Sabato 16 settembre, presso il Palazzo della Cultura, l’Associazione Se non ora quando Cassino dedica una serata all’opera di Michela Murgia.  Una bella occasione per leggere e ascoltare brani tratti dai suoi libri e suoi articoli. Soprattutto è un bel regalo per tutti coloro che hanno apprezzato il lavoro e la vita di questa donna. Un’immersione, autentica e profonda, nell’universo letterario di quest’artista straordinaria.

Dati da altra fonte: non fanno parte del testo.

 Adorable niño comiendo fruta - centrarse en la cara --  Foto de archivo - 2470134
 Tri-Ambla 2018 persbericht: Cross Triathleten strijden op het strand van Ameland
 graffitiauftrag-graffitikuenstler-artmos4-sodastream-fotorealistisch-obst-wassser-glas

Una serata dedicata alla lettura e al ricordo

L’organizzazione no-profit Se non ora quando di Cassino ha voluto celebrare il ricordo di Michela Murgia. Così, presso il Palazzo della Cultura vengono lette le poesie e alcuni articoli e brani della poetessa e scrittrice che, nella notte delle stelle cadenti, è salita al cielo. Un esempio per tutte le donne, Michela manca già molto, e ancora di più manca la sua voce che era anche provocatrice. Allo stesso modo, la sua parola sempre irriverente e chiara, i suoi pensieri sottili e arguti. Ma manca anche la sua intelligenza, la sua straordinaria ironia, la sua emancipazione dalla banalità. Viene ricordata la sua cultura, la sua grandissima umanità e il suo coraggio nell’affrontare la morte.

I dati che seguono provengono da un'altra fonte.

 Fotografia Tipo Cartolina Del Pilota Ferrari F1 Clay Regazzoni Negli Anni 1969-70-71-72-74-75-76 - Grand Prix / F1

Michela Murgia Locandina Evento
Reading di lettura dedicato a Michela Murgia. Fonte foto: Palazzo della Cultura- Pagina FB

Michela lascia moltissimo di sé, una eredità artistica, sociale, ma anche etica come scrittrice e intellettuale. Inoltre, a come donna, come attivista sempre in prima linea nella lotta strenua e costante alla disparità di genere. La lotta alle disuguaglianze sociali è un’altra ragione per cui tutti dobbiamo esserle per sempre grate, e grati. Certamente, la gratitudine deve diventare però azione. Questo per dire che le parole di Michela, le sue idee e il suo pensiero critico devono continuare a camminare insieme a noi.

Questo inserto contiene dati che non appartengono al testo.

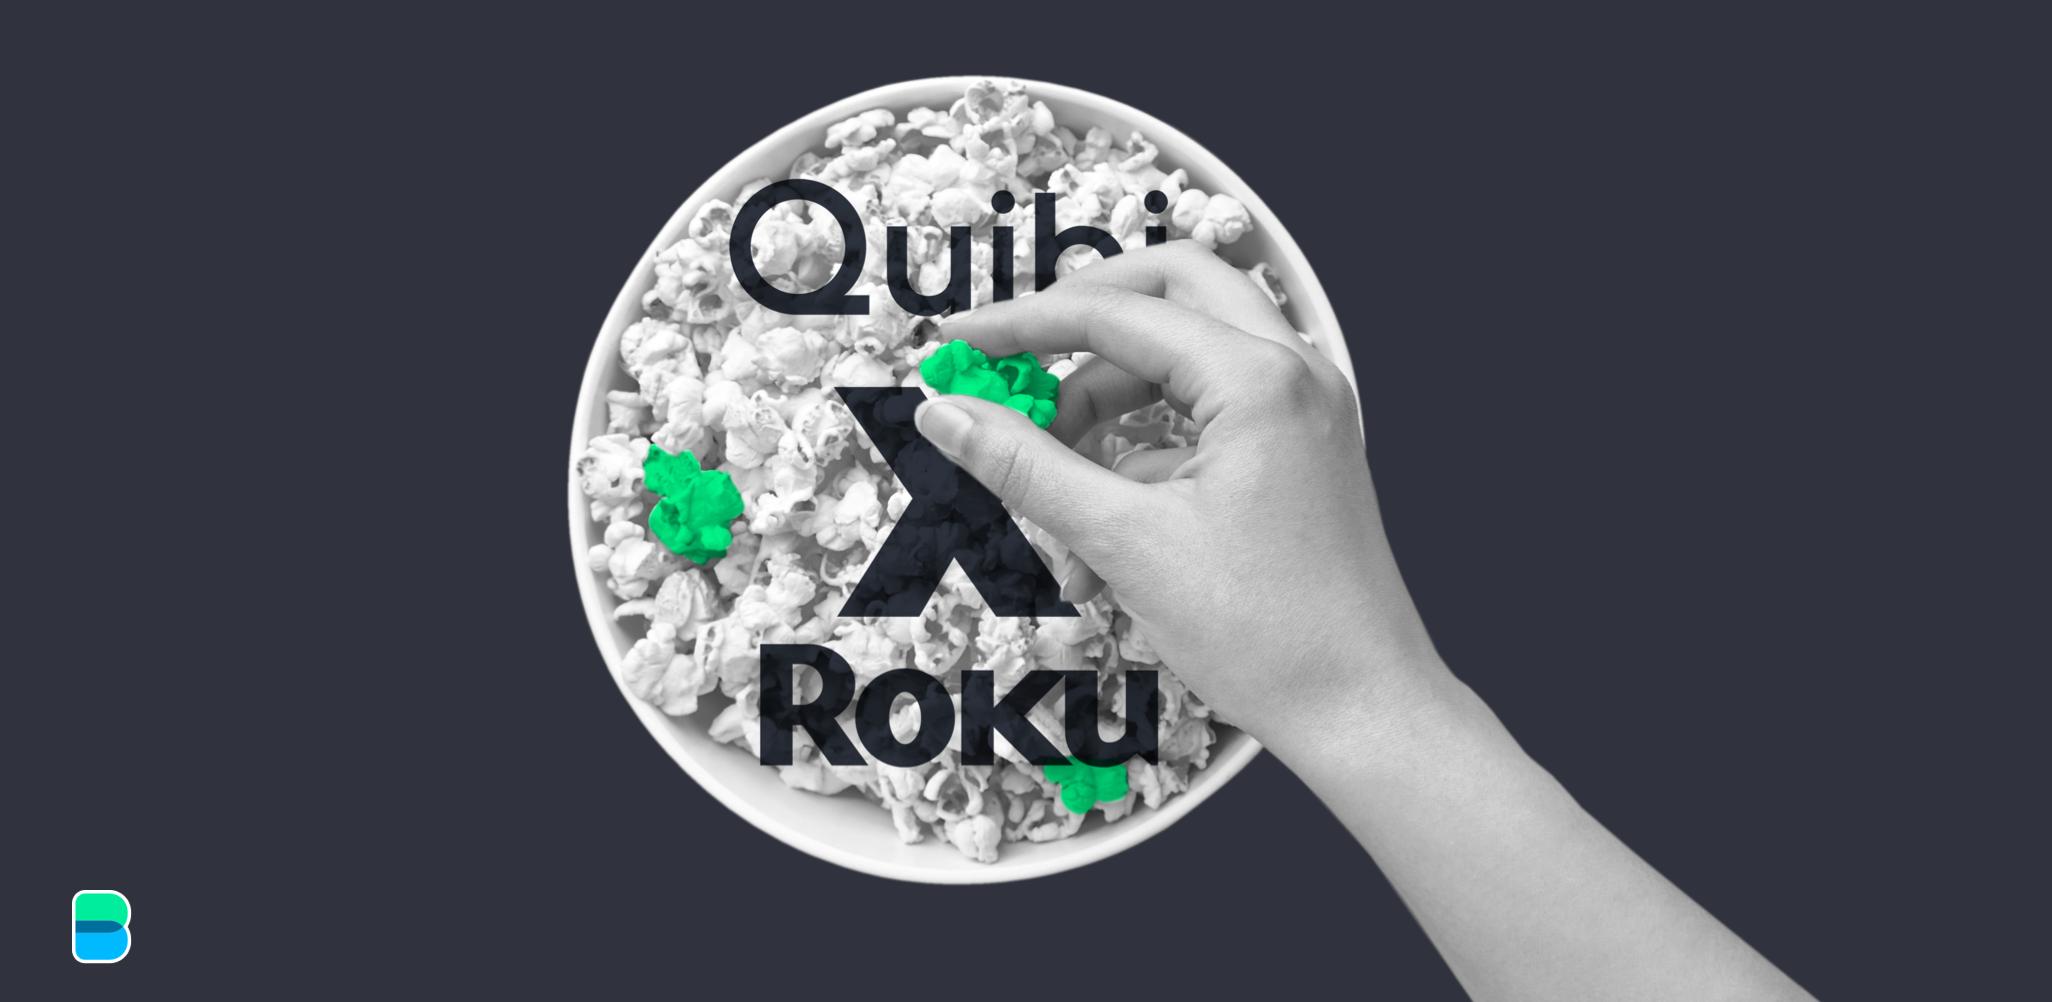 Roku to bag Quibi's content catalogue

Come definire Michela Murgia?

L’evento al Palazzo della Cultura è anche occasione per fare alcune riflessioni. Certamente, definire Michela Murgia soltanto una scrittrice è comunque riduttivo. Ugualmente, troviamo riduttivo parlare di lei semplicemente come una attivista, o una intellettuale. Vero è che Michela Murgia è scrittrice, attivista, intellettuale tutto insieme. Così come, con la sua vita, in Italia abbiamo un prima e un dopo Michela Murgia. Addirittura possiamo cominciare dalla sua formazione, profondamente cattolica. Anche questo è una delle ragioni che la vedono impegnata a fare attivismo con Azione Cattolica. In seguito è capace di mettere a tema la relazione tra la religione e i diritti delle donne.

Ma lei va oltre, inserendo in questa sua lotta le persone lgbt con due suoi scritti: Ave Mary, (2011) e God save the queer. Infine, la sua eredità più grande è il suo pensiero. Un pensiero che problematizza ogni spazio fisico e psicologico abitato delle donne. Michela comincia dalla casa, che per molte donne non è uno spazio sicuro, e che per questo vanno protette. La frase più bella di Michela Murgia è: “Non è vero che il mondo è brutto; dipende da quale mondo ti fai”.